Figure 3. pPVT neurons preferentially innervate SOM⁺ cells in CeL

a. A schematic of the experimental approach (see Methods). b & c. Representative images of the tracing result for SOM⁺ (b) and PKC-δ⁺ (c) CeL neurons. Upper panels: retrogradely labeled neurons in pPVT. Lower panels: starter neurons in CeL are identified by their co-expression of mCherry (left) and hGFP (middle) (overlay in right). d & e. Schematics of the experimental approach. f. Sample traces of synaptic responses to brief (5-Hz 5-ms pulses; left) or prolonged high frequency (30-Hz 5-ms pulses; right) photostimulation of pPVT afferents. Holding potential was –70 mV. g. Quantification of the synaptic responses induced by the 30-Hz stimulation of pPVT afferents (SOM^–, n = 7 neurons (5 mice); SOM⁺, n =12 neurons (5 mice); ***P < 0.001, t test).
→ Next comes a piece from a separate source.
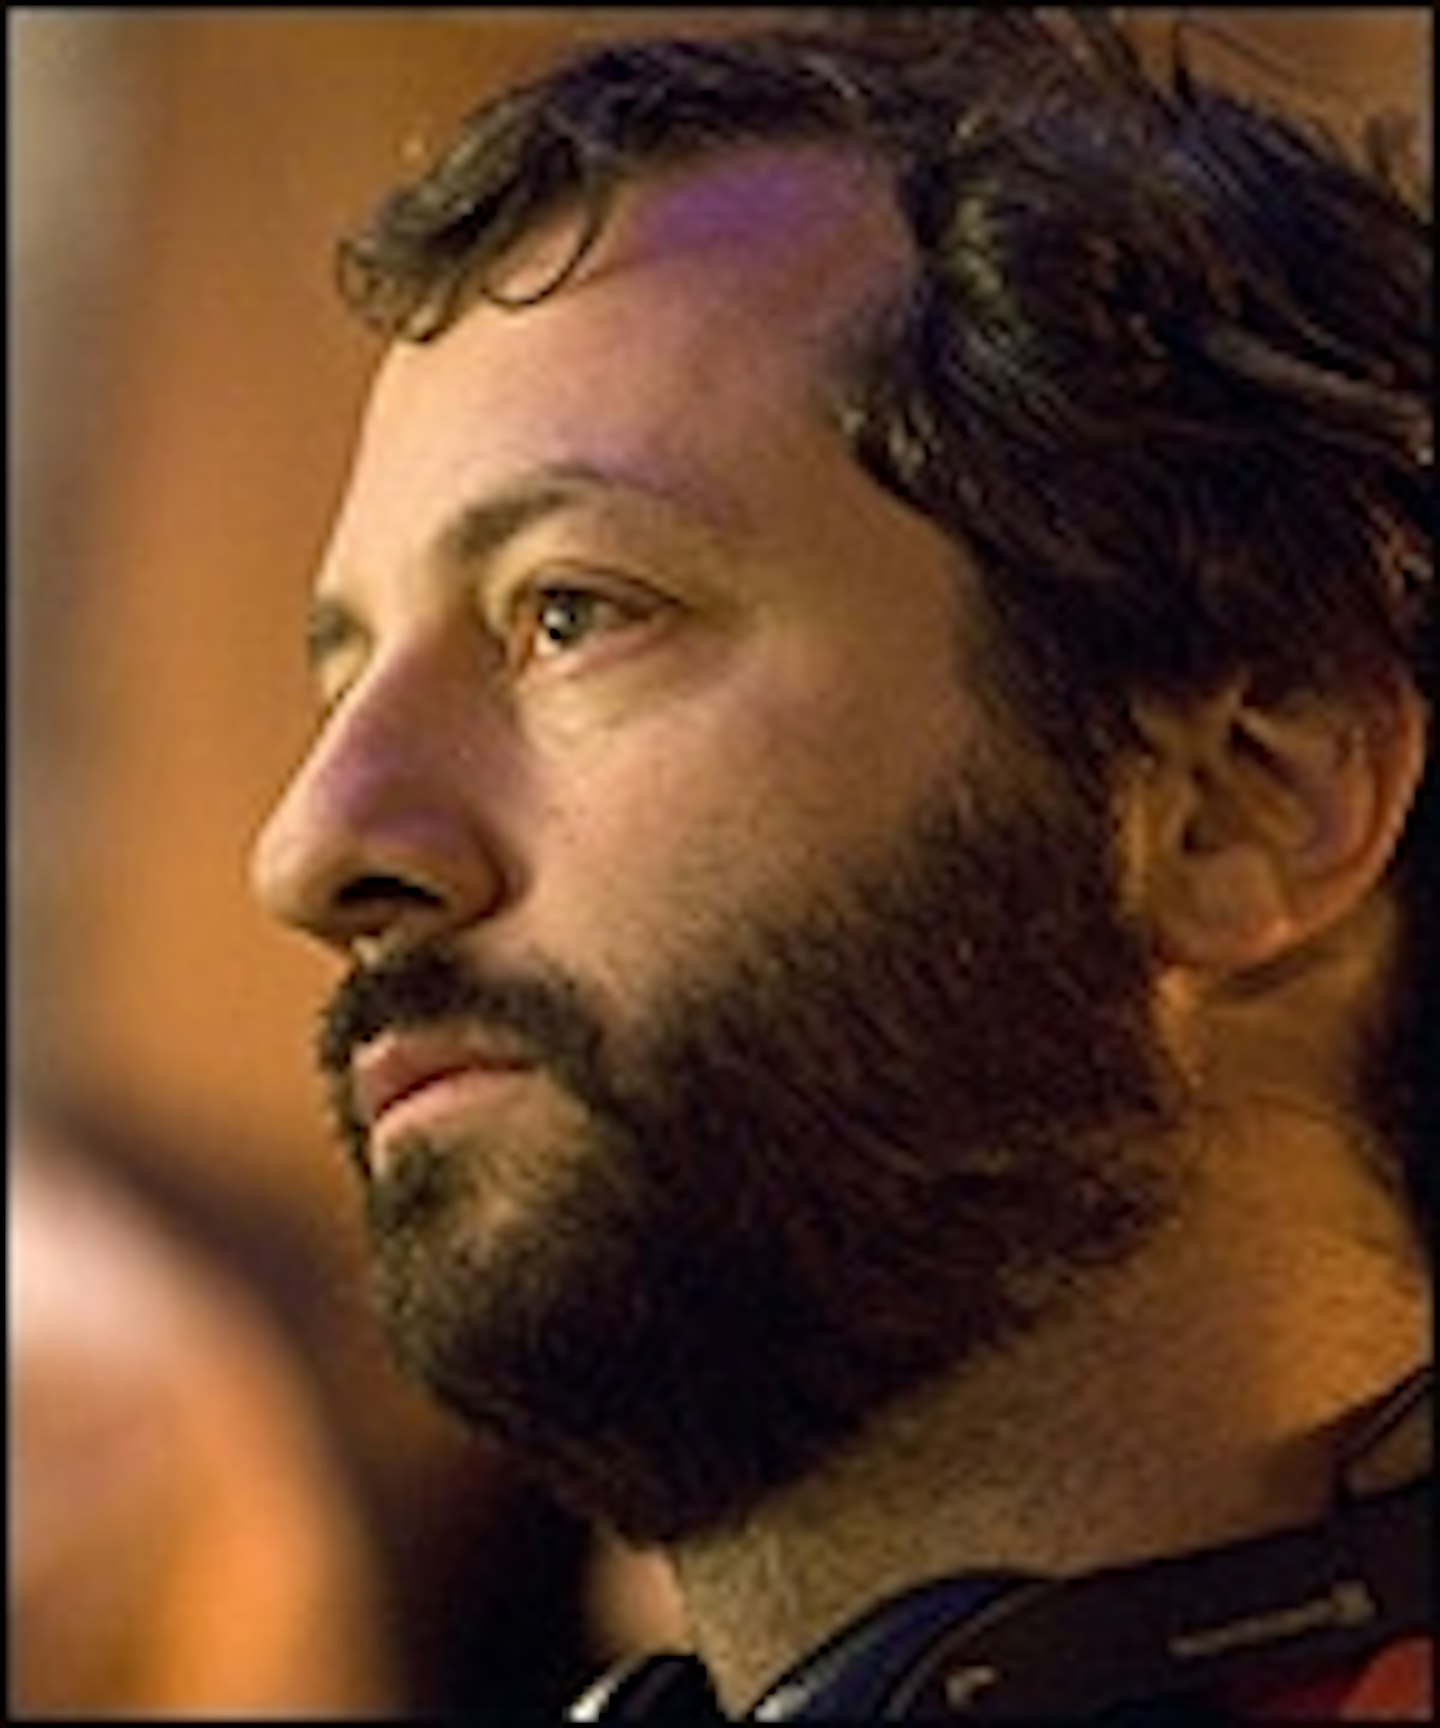 Judd Apatow Targets Do-Gooders

Data are presented as mean ± s.e.m.

Figure 4. BDNF/TrkB-mediated pPVT–CeL communication is essential for fear conditioning

a. Top: a schematic of the experimental approach. Bottom: a representative image of pPVT infected with AAV-GFP-Cre. b. Representative images of CeL from Bdnf^lox/lox mice in which the pPVT was injected with either AAV-GFP (upper panels) or AAV-GFP-Cre (lower panels). Mice injected with AAV-GFP-Cre in pPVT showed marked reduction of BDNF labeling in CeL (middle and right panels). c. Deletion of Bdnf in pPVT significantly reduced freezing levels during memory retrieval test (n = 16 mice for both groups; effect of treatments, F_(1,60) = 6.91, P < 0.05; effect of CS presentation, F_(1,60) = 11.17, P < 0.01; interaction, F_(1,60) = 1.34, P > 0.05; *P < 0.05; two-way ANOVA followed by Tukey's test). d. A schematic of the experimental approach. e. Selective deletion of Trkb in SOM⁺ CeL neurons significantly reduced freezing levels during memory retrieval test (n = 9 and 10 mice for CreGFP and mCherry, respectively; effect of treatments, F_(1,30) = 9.59, P < 0.01; effect of CS presentation, F_(1,30) = 14.37, P < 0.001; interaction, F_(1,30) = 0.88, P > 0.05; **P < 0.01; two-way ANOVA followed by Tukey's test). f. The bilateral infection rate in CeL significantly correlated with freezing levels during retrieval (R² = 0.44, P < 0.05, n = 9 mice; linear regression is indicated by a gray line). g. Drawing of the cannula sites. Each dot denotes where the tip of the injection cannula was located in each mouse. h. BDNF infusion into CeL promotes fear learning. Left: performance of mice during a mild conditioning procedure (see Methods). BDNF infusion had a trend to improve performance (F_(1,55) = 3.65, P = 0.06, two-way ANOVA). Right: BDNF infusion enhanced freezing levels during memory retrieval test (n = 9 and 10 mice for saline and BDNF, respectively; effect of treatment, F_(1,34) = 5.63, P < 0.05; effect of CS, F_(1,34) = 17.35, P < 0.001; interaction, F_(1,34) = 2.44, P > 0.05; *P < 0.05; two-way ANOVA followed by Tukey's test). Data are presented as mean ± s.e.m.